DATASET EXTRACT:
------------------------------

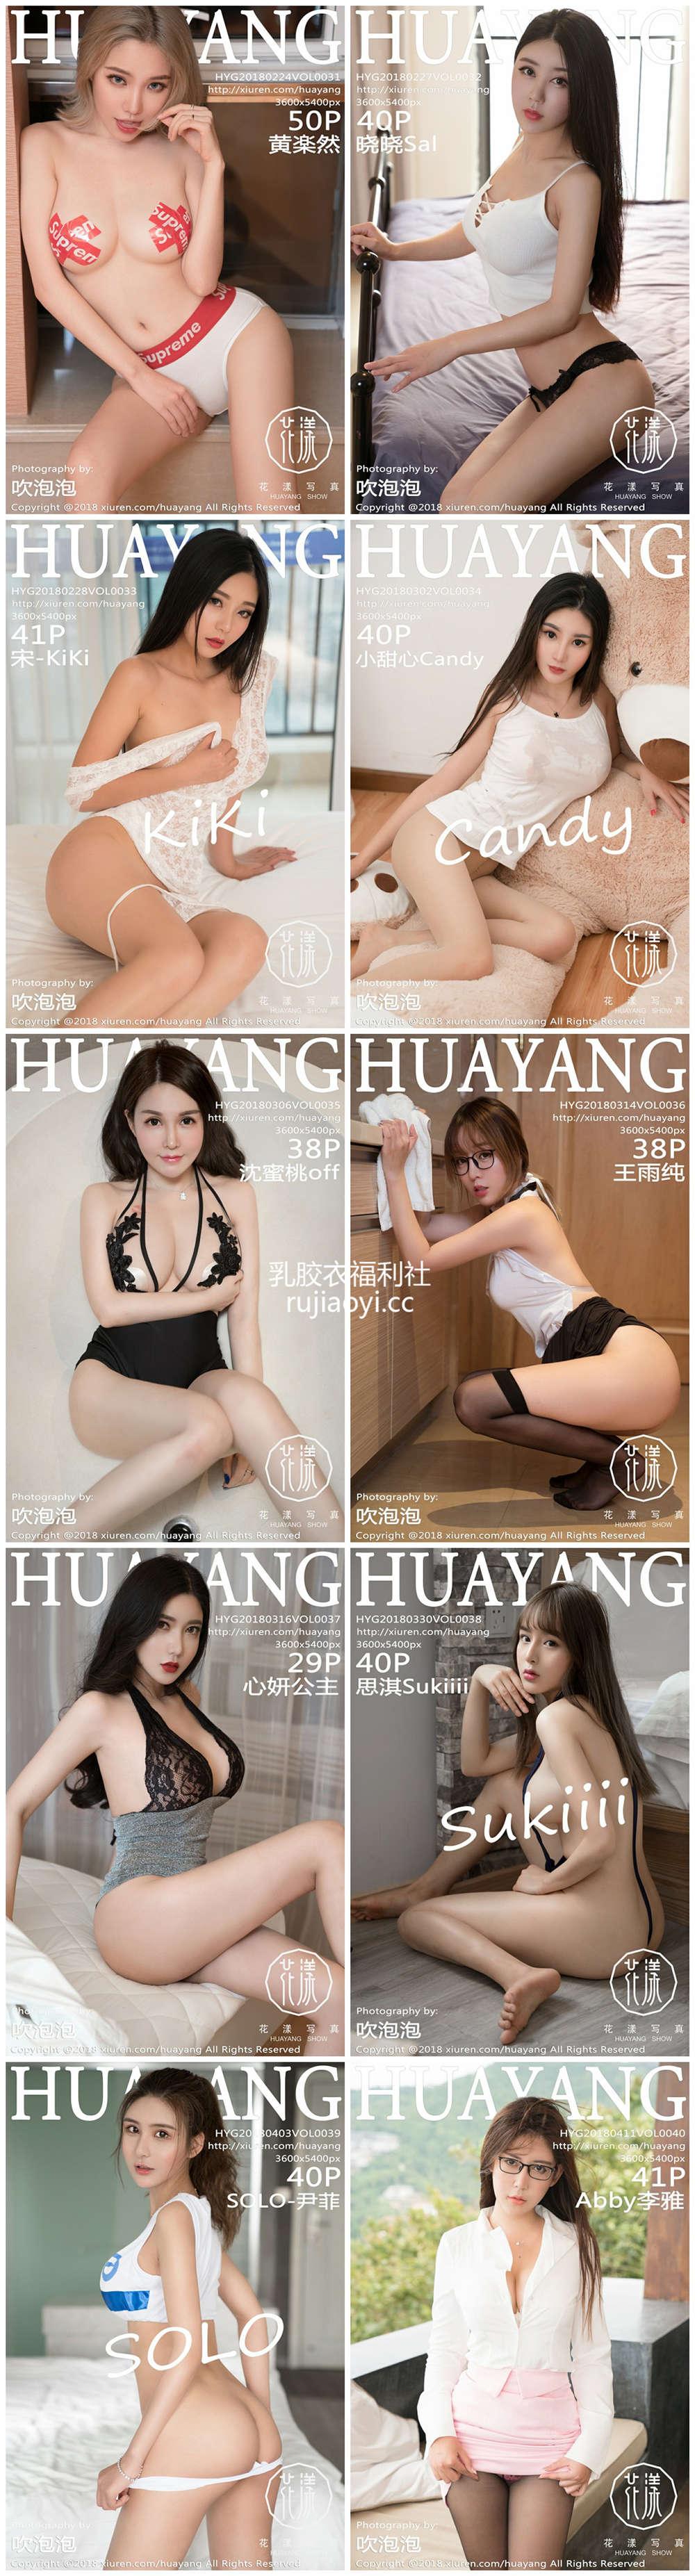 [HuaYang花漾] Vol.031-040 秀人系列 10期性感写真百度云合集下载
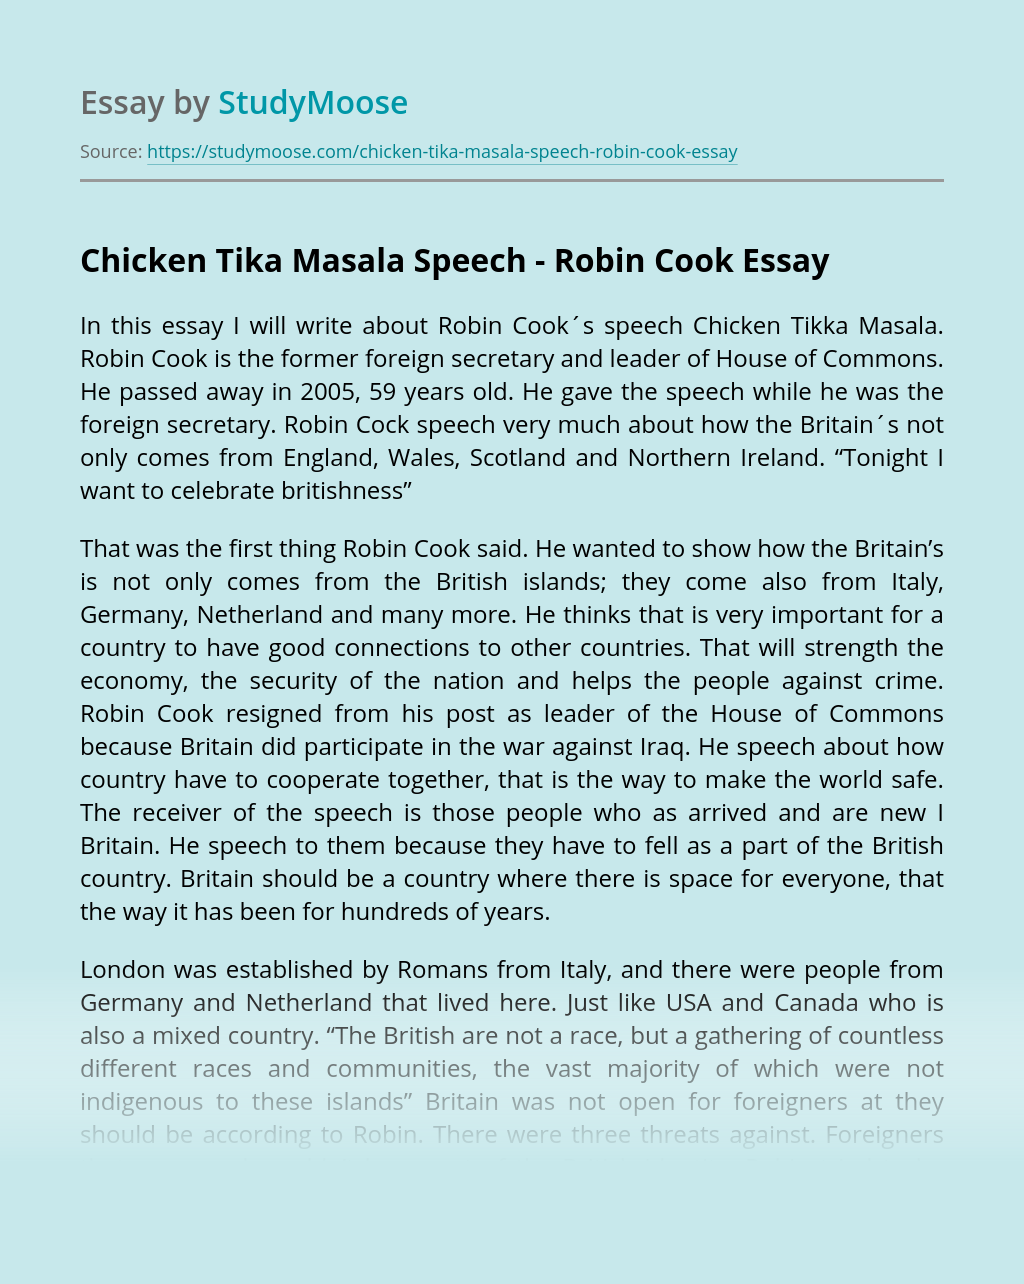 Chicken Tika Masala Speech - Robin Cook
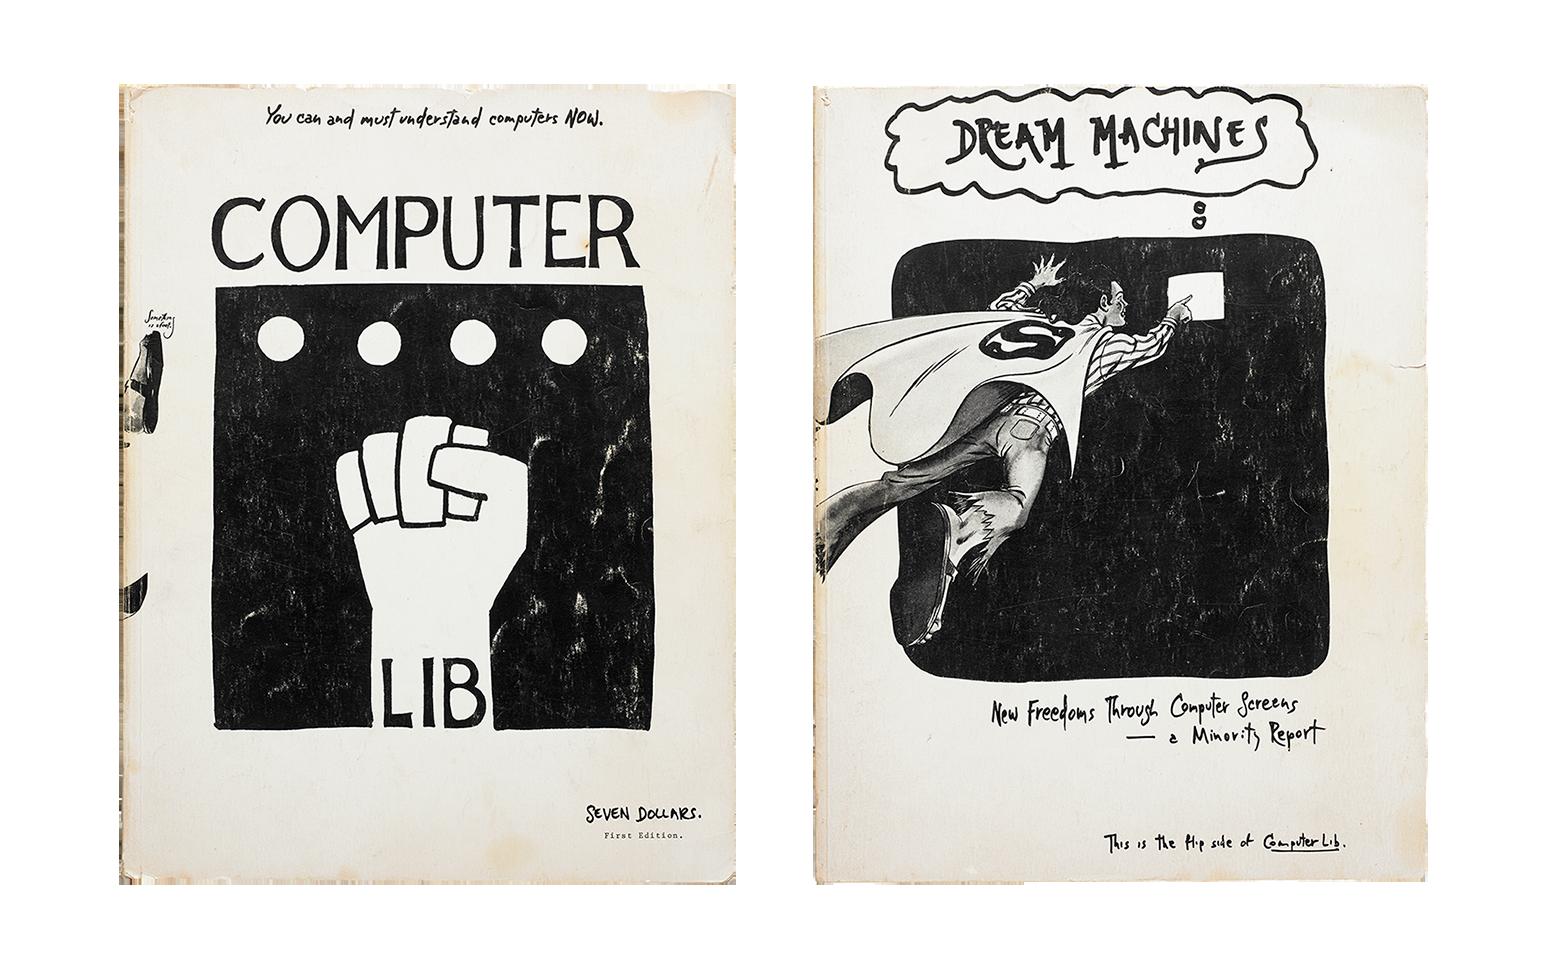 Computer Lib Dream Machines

------------------------------

WHAT IS NEEDED: Word for word, restate all of the data, but do not copy the pictures.

RESPONSE BOX:
 [HuaYang花漾] Vol.031-040 秀人系列 10期性感写真百度云合集下载
 Chicken Tika Masala Speech - Robin Cook
 Computer Lib Dream Machines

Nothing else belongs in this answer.